Attributes follow the OpenTelemetry GenAI semantic conventions (gen_ai.system, gen_ai.request.model, gen_ai.usage.input_tokens, gen_ai.usage.output_tokens, gen_ai.tool.name, gen_ai.tool.call.id, …) so backends that already understand GenAI traces render them out of the box.

FlagDescription
--otel-exporterExporter to use: otlp, stdout, or file. Omit (default) to keep telemetry off.
--otel-endpointOTLP/HTTP endpoint (e.g. localhost:4318 or https://collector.example.com). Only used with --otel-exporter=otlp.
--otel-headersComma-separated key=value pairs added to OTLP requests (useful for auth).
--otel-fileOutput path for newline-delimited span JSON when --otel-exporter=file.
--otel-include-payloadsInclude prompts, tool arguments, tool results, and completions in spans. Off by default — only sha256 + byte length are emitted.

The fastest way to see waza traces is the standard OTel Collector container listening on the default OTLP/HTTP port.

docker-compose.yaml
services:
otel-collector:
image: otel/opentelemetry-collector-contrib:latest
command: ["--config=/etc/otelcol/config.yaml"]
volumes:
- ./otel-config.yaml:/etc/otelcol/config.yaml
ports:
- "4318:4318" # OTLP HTTP
otel-config.yaml
receivers:
otlp:
protocols:
http:
exporters:
debug:
verbosity: detailed
service:
pipelines:
traces:
receivers: [otlp]
exporters: [debug]

Bring it up, then run waza pointed at it:

Terminal window
docker compose up -d
waza run ./evals/my-skill/eval.yaml \
--otel-exporter otlp \
--otel-endpoint localhost:4318

Spans appear in the collector’s stdout. Swap the debug exporter for otlphttp, jaeger, tempo, azuremonitor, or any other backend.
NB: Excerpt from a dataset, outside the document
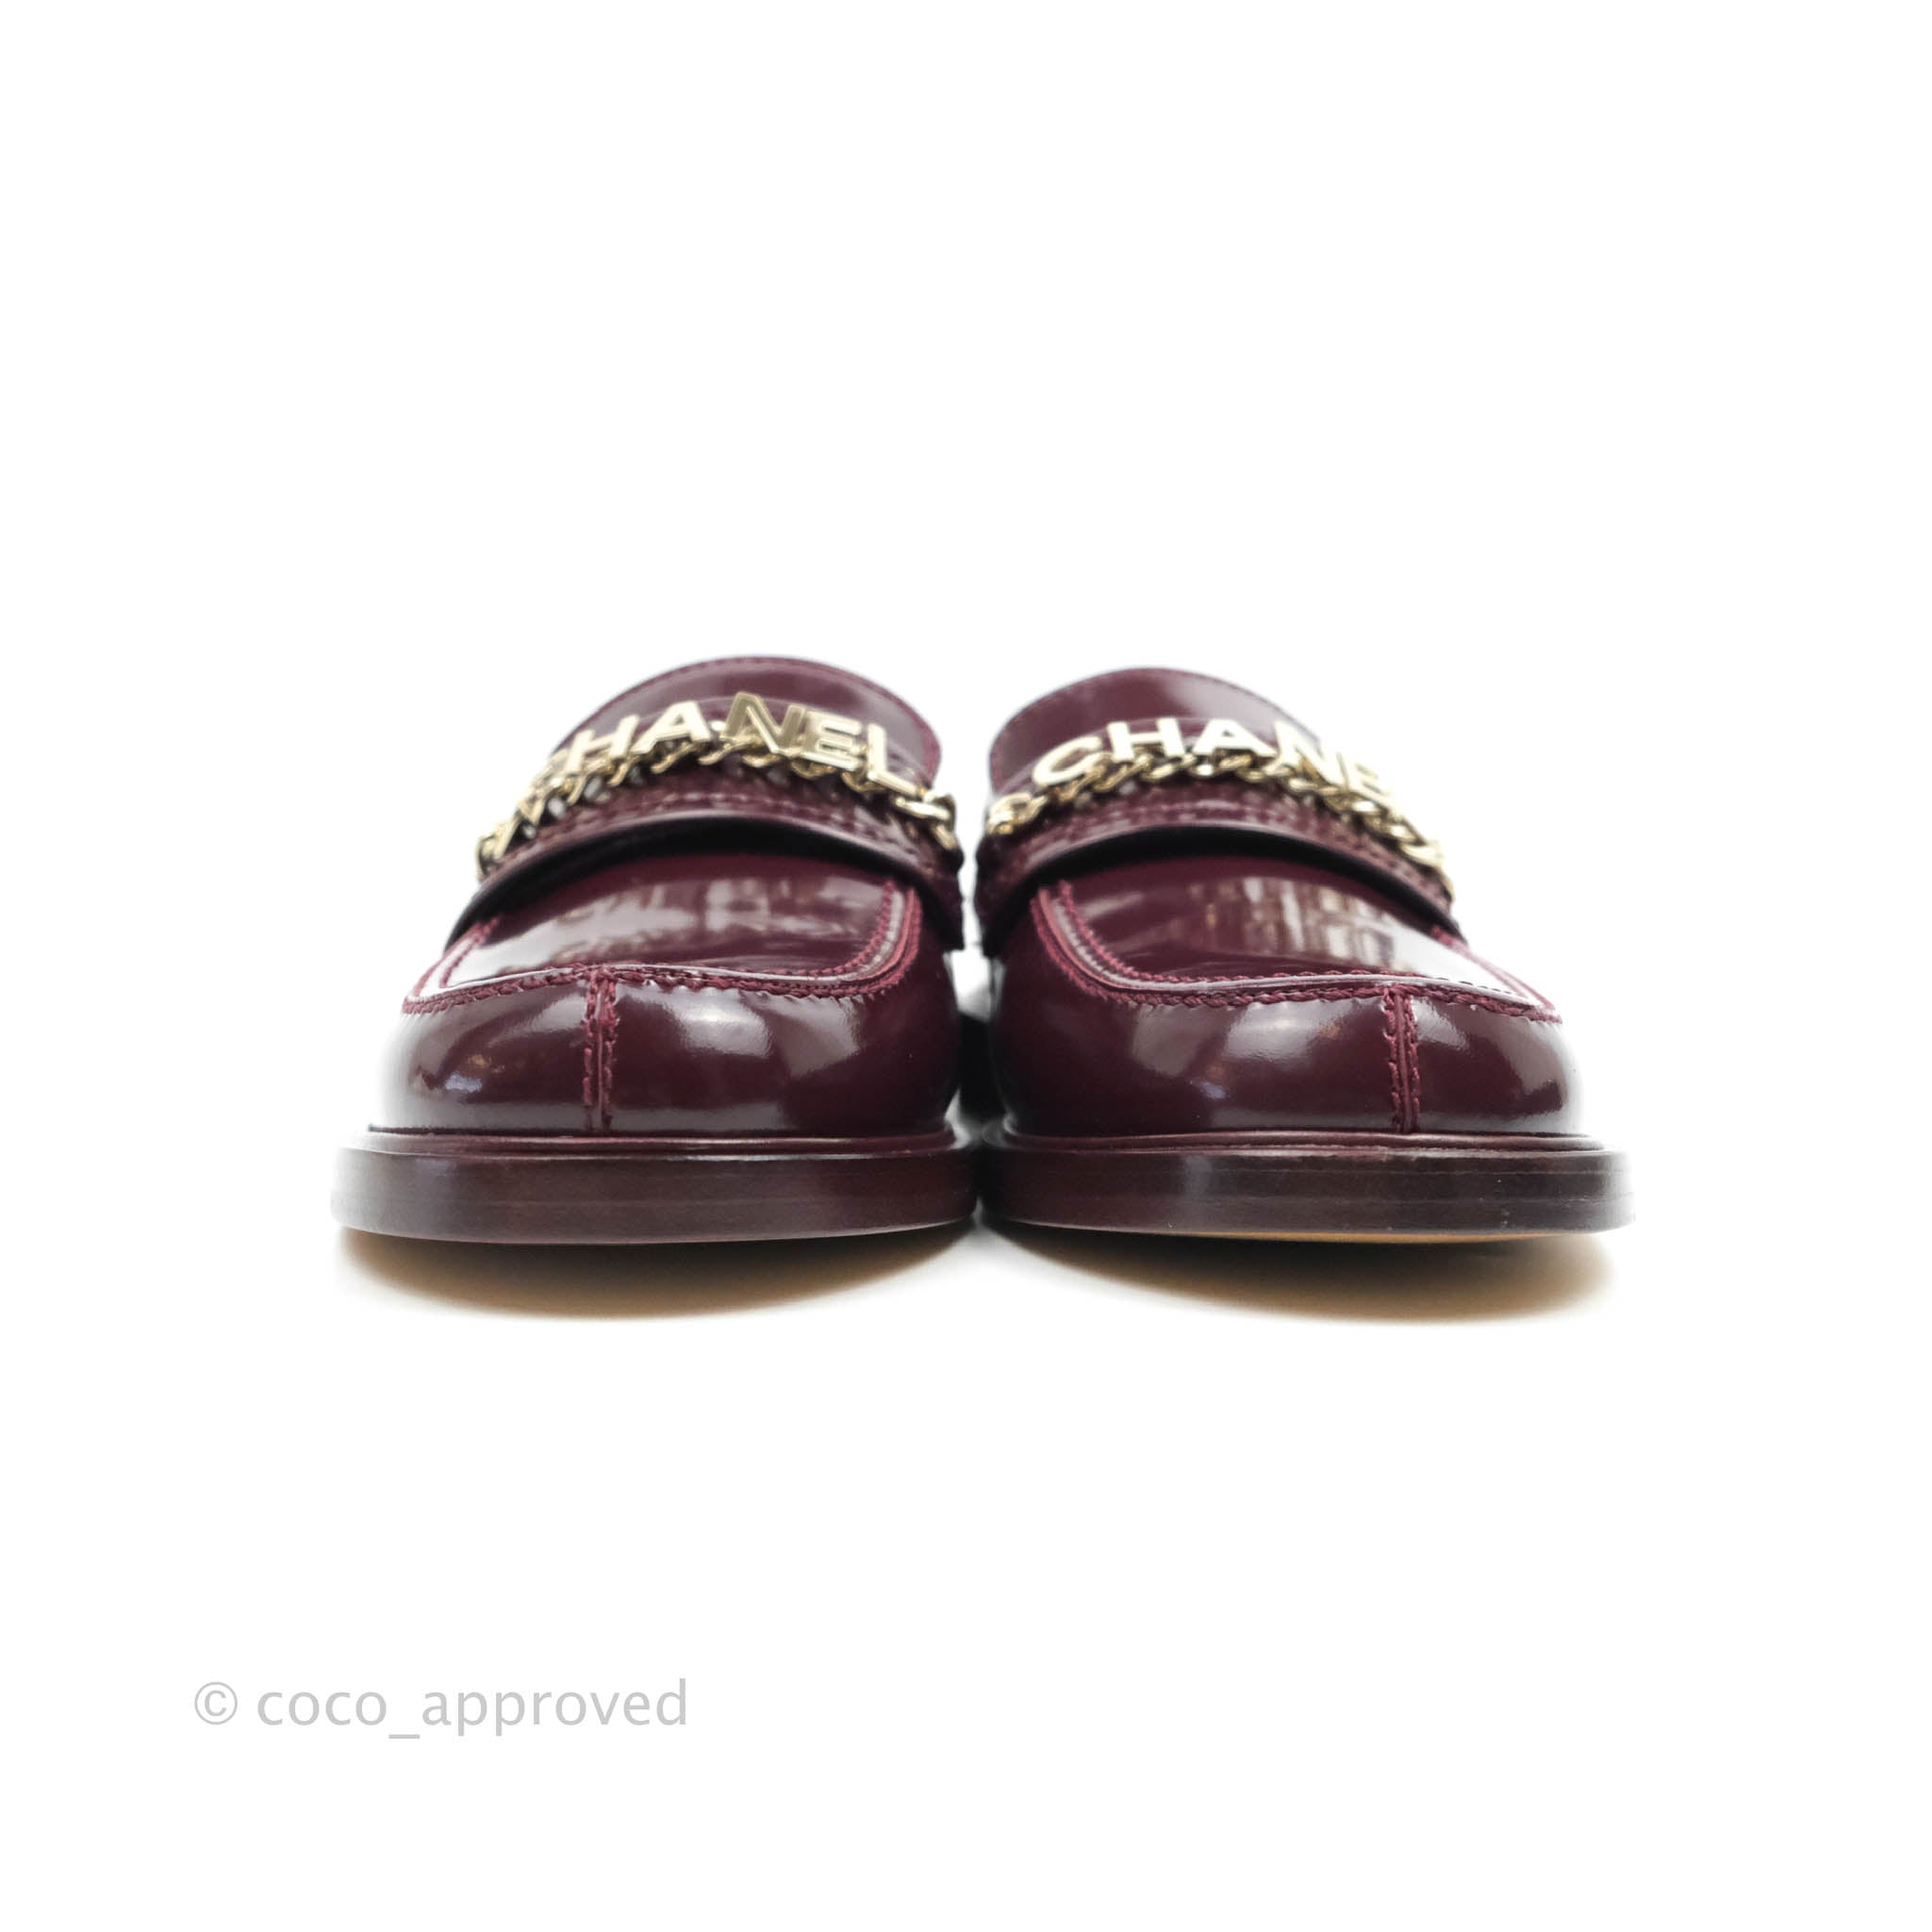 Louis Vuitton Burgundy Patent leather Oxford Loafers Size 39 Louis

For quick inspection without a collector:

Terminal window
# Stream spans as JSON to stderr
waza run eval.yaml --otel-exporter stdout
# Write spans to a file (newline-delimited JSON)
waza run eval.yaml --otel-exporter file --otel-file traces.json

By default waza strips prompt, tool-argument, tool-result, and completion content from spans — only the SHA-256 digest and byte length are recorded under per-slot keys so multiple redacted payloads on the same span (e.g. prompt + completion, or tool arguments + result) do not collide:

SlotHash keyLength key
Promptwaza.prompt.sha256waza.prompt.length
Completionwaza.completion.sha256waza.completion.length
Tool argumentswaza.tool.arguments.sha256waza.tool.arguments.length
Tool resultwaza.tool.result.sha256waza.tool.result.length

This keeps user prompts and tool outputs out of your trace backend.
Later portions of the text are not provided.